Ticks in Michigan 2019 and How to Stay Safe

Tips for Staying Safe as Lyme Disease Carrying Ticks Spread to Eastern Michigan: The beginning of summer marks the beginning of long days at the lake and even longer nights hanging around the campfire, but it also marks the beginning of the 2019 tick season Michigan. Ticks in Michigan are nothing new, but this particular season has experts worried, as the blacklegged/deer tick is making its way further east. What’s so threatening about the deer tick? It carries the bacterium Borrelia burgdorferi, the bacteria that causes Lyme disease.

According to Click on Detroit, the blacklegged tick is no stranger to Michigan. However, until recently, the deer tick has made its home in the western Upper and Lower Peninsulas. Now, the tick has been spotted as far east as Detroit. What’s more, in 2017, there were more than 300 cases of Lyme disease in humans; two-thirds of victims claim to have been exposed to the disease in Michigan.

Symptoms of Lyme Disease: Have You Been Exposed?

Ticks in Michigan 2019

Unfortunately, ticks are stealthy, which means that most people are unaware that they’ve even been bitten. This is often the case even if a tick stays attached for one to two days, which is about how long they need to transmit bacterium Borrelia burgdorferi. If you or a loved one have been bitten by a tick and are unsure about how long it was attached, remain vigilant for signs and symptoms of Lyme disease, which often mimic those of the flu. Below are two lists: one detailing the early signs of Lyme disease and one detailing the symptoms that indicate the disease has progressed.
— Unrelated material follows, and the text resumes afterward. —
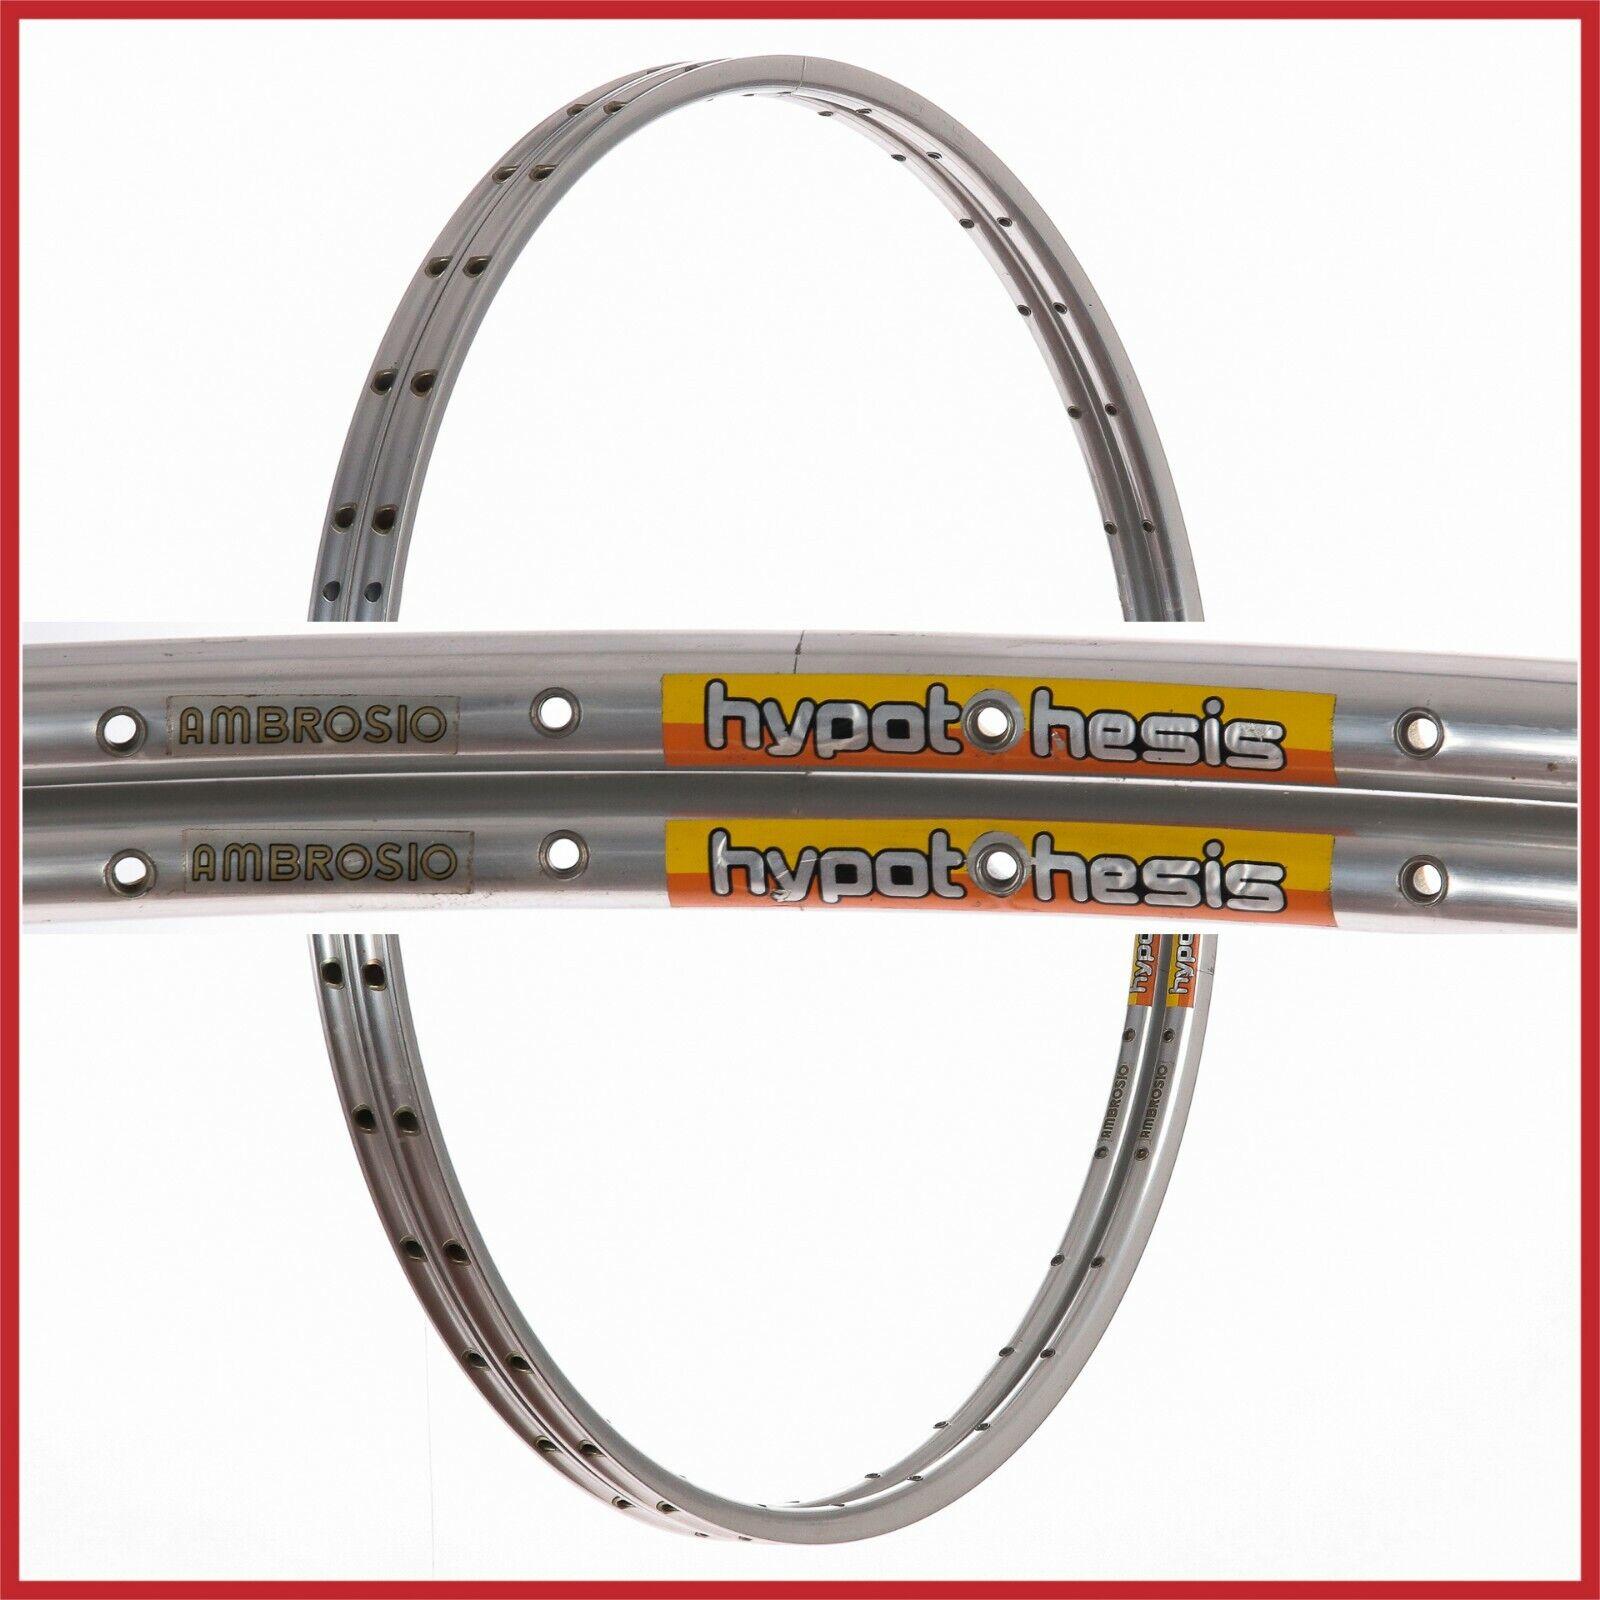 NOS AMBROSIO HYPOTHESIS RIMS 28  700c 32H VINTAGE TUBULARS AERO ROAD Fahrrad 80s

Early Signs of Lyme Disease

  • Fever, headache, muscle aches, chills and swollen lymph glands
  • Erythema migrans rash
    • EM occurs in approximately 70-80% of cases
    • Begins within three to 30 days and at the location of the tick bite, but may eventually extend to other parts of the body
    • Gets bigger over time
    • May be warm to the touch
    • Occasionally looks like a bulls-eye, but not always

Signs Lyme Disease Has Progressed

  • Sore neck and severe headaches
  • EM rashes across other areas of the body
  • Joint swelling and pain
  • Loss of muscle control in the face
  • Pain and tenderness in joints, muscles and bones
  • Abnormal heart rate
  • Shortness of breath and dizziness
  • Short-term member problems
  • Shooting pain, tingling or numbness in the hands and feet

If left untreated, the disease has the potential to spread to the heart, joints and nervous system, systematically shutting down the body’s system. However, the good news is that the majority of early cases are treatable with antibiotics.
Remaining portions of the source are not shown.